COLLECTED DATA:

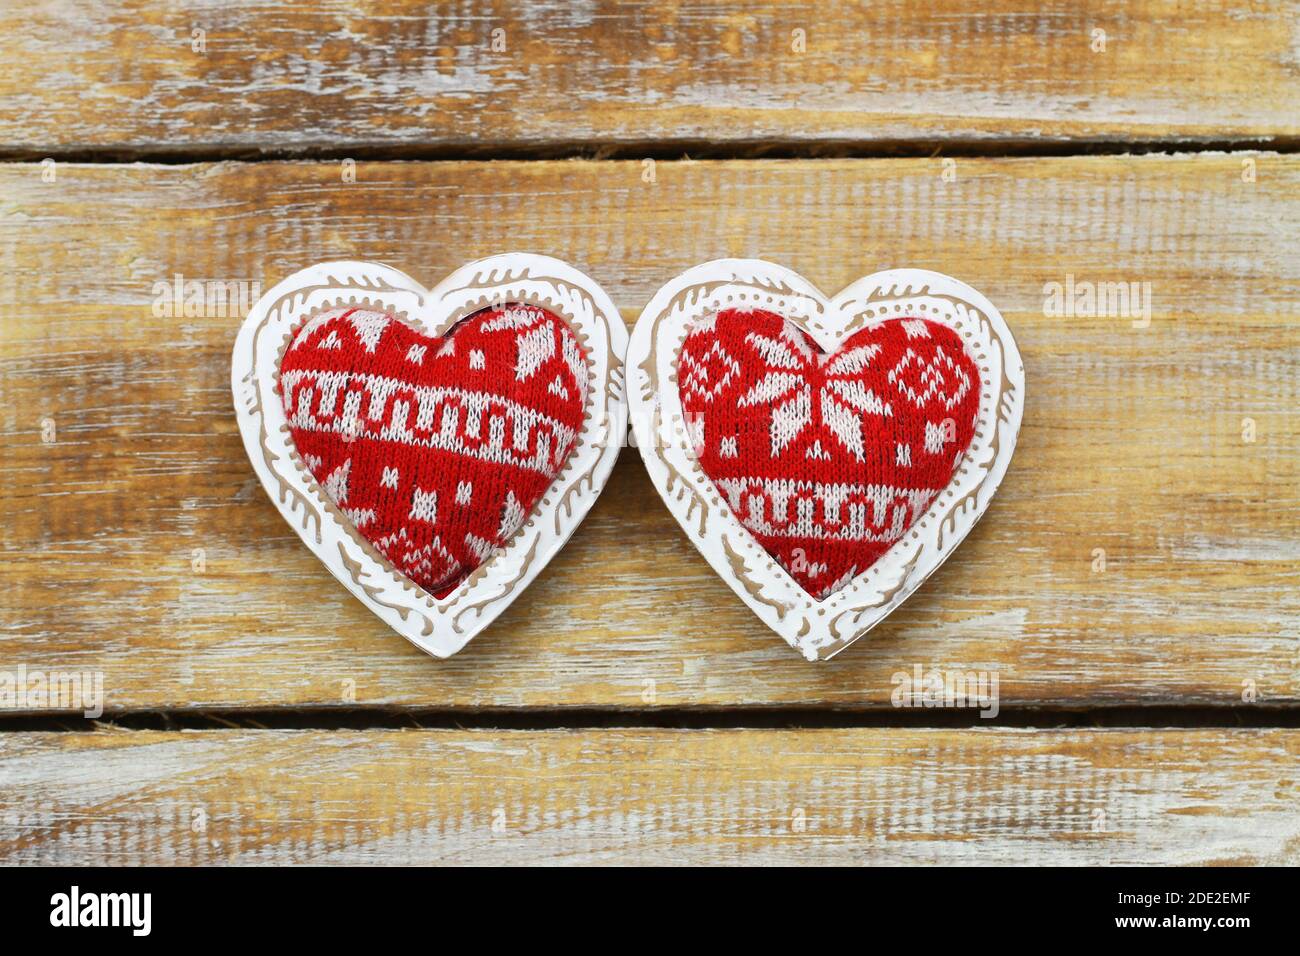 Two red knitted hearts on rustic wooden surface Stock Photo
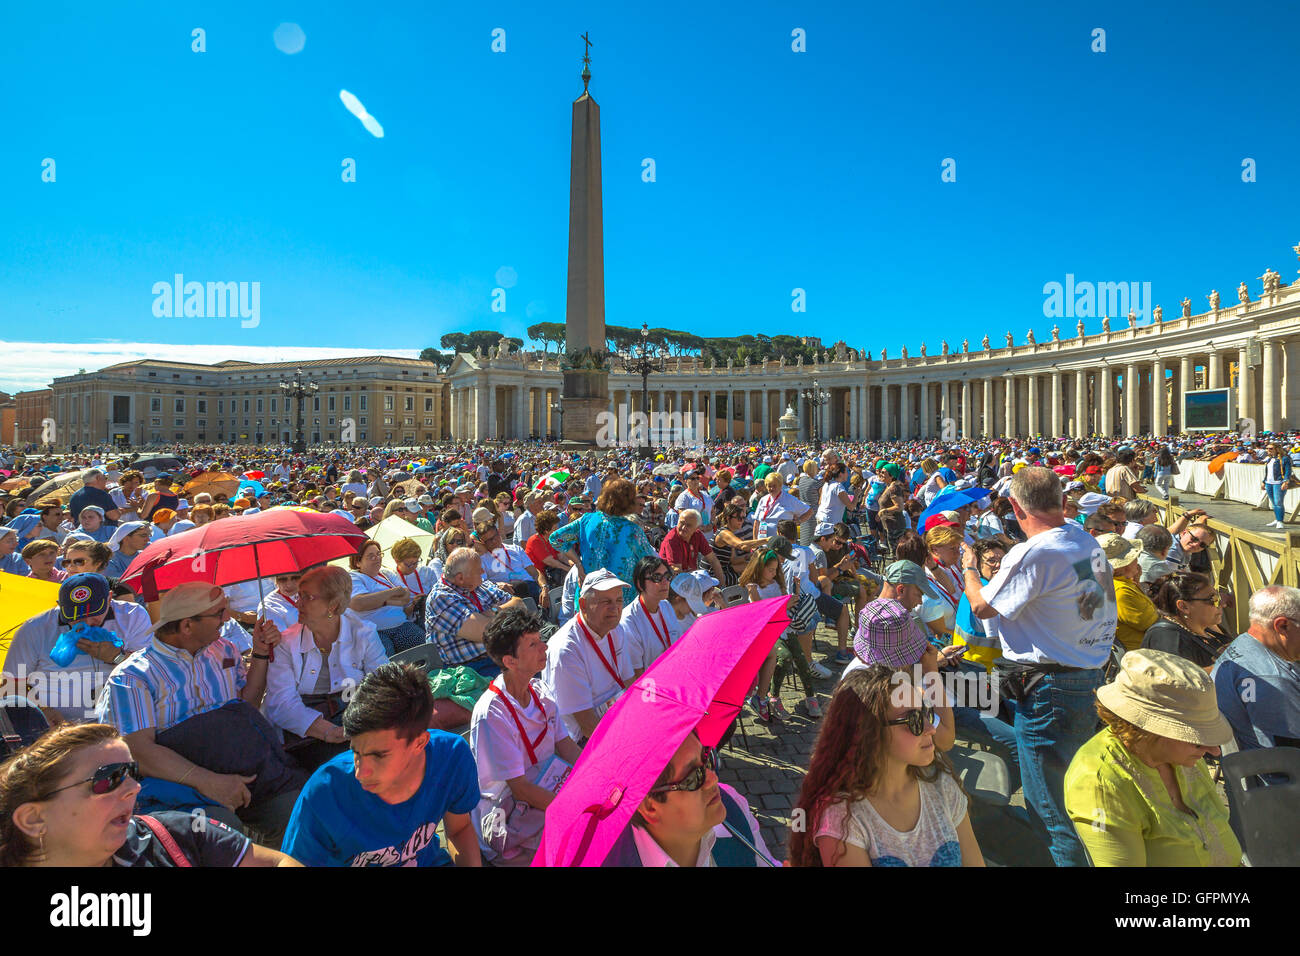 People in Piazza San Pietro Stock Photo
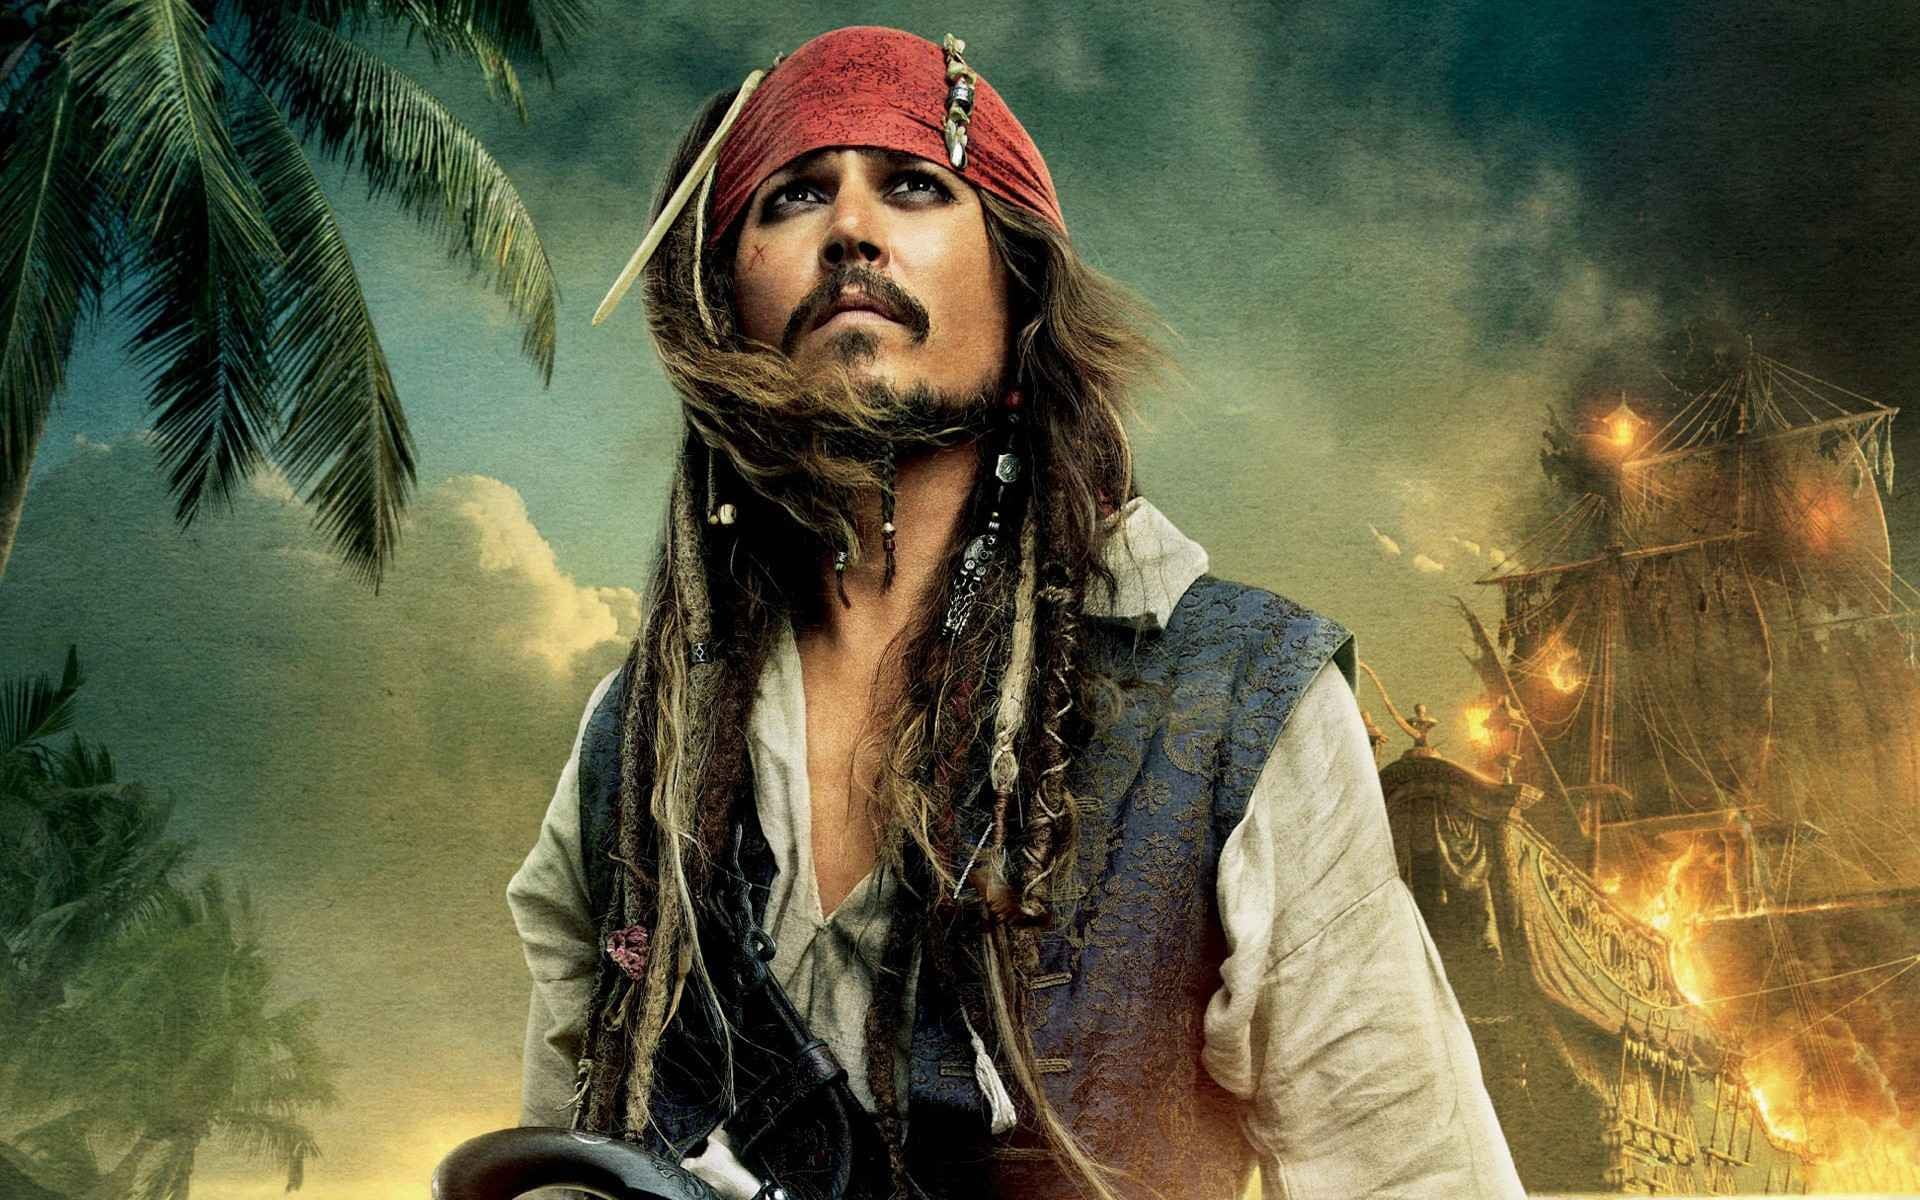 Pirates of the Caribbean Johnny Depp, movies, one person, young adult

TASK DETAILS: The answer must be the full listing, exact in every line, with the pictures removed.

RESULT BELOW:
 Two red knitted hearts on rustic wooden surface Stock Photo
 People in Piazza San Pietro Stock Photo
 Pirates of the Caribbean Johnny Depp, movies, one person, young adult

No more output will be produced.